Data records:
((

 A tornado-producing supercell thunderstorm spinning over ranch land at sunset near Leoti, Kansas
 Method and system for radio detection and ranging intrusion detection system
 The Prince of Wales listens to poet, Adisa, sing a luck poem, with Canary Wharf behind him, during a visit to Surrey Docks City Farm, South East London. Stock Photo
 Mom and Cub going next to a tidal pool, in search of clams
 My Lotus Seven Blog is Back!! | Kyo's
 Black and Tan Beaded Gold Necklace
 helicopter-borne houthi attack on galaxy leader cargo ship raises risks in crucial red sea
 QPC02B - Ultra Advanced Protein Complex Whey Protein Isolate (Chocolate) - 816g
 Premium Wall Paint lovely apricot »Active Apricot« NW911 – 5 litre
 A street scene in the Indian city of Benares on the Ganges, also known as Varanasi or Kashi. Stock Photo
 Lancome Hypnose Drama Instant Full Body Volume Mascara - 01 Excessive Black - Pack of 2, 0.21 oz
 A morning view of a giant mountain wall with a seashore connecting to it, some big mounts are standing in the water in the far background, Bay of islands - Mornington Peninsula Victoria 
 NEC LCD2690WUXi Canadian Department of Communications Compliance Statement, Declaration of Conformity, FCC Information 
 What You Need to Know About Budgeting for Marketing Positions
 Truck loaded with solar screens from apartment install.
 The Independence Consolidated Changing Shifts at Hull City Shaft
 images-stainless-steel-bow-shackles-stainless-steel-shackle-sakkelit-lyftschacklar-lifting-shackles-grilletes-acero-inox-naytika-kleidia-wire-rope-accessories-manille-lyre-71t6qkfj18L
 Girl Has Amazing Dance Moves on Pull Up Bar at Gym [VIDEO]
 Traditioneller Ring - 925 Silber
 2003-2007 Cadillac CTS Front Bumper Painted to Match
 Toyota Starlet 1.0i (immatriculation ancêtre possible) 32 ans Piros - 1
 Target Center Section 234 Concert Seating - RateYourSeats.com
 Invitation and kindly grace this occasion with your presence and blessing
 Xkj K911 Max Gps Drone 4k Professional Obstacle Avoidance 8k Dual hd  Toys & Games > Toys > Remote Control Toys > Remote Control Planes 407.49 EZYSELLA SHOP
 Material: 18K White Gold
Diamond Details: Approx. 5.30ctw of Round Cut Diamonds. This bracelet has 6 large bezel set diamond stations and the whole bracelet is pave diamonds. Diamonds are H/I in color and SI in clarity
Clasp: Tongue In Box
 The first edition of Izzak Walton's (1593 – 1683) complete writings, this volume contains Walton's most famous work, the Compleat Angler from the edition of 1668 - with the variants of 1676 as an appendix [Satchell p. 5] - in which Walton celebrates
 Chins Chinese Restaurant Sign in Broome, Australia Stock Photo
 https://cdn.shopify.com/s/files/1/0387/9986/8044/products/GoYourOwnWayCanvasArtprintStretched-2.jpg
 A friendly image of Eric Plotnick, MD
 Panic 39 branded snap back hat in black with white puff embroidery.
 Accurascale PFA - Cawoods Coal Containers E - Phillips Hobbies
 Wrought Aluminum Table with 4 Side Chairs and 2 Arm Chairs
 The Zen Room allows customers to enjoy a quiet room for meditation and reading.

))

◆ REQUIREMENT
In the data above, find the line containing "Chins Chinese Restaurant", then copy it and every later line exactly.

◆ TASK RESPONSE
 Chins Chinese Restaurant Sign in Broome, Australia Stock Photo
 https://cdn.shopify.com/s/files/1/0387/9986/8044/products/GoYourOwnWayCanvasArtprintStretched-2.jpg
 A friendly image of Eric Plotnick, MD
 Panic 39 branded snap back hat in black with white puff embroidery.
 Accurascale PFA - Cawoods Coal Containers E - Phillips Hobbies
 Wrought Aluminum Table with 4 Side Chairs and 2 Arm Chairs
 The Zen Room allows customers to enjoy a quiet room for meditation and reading.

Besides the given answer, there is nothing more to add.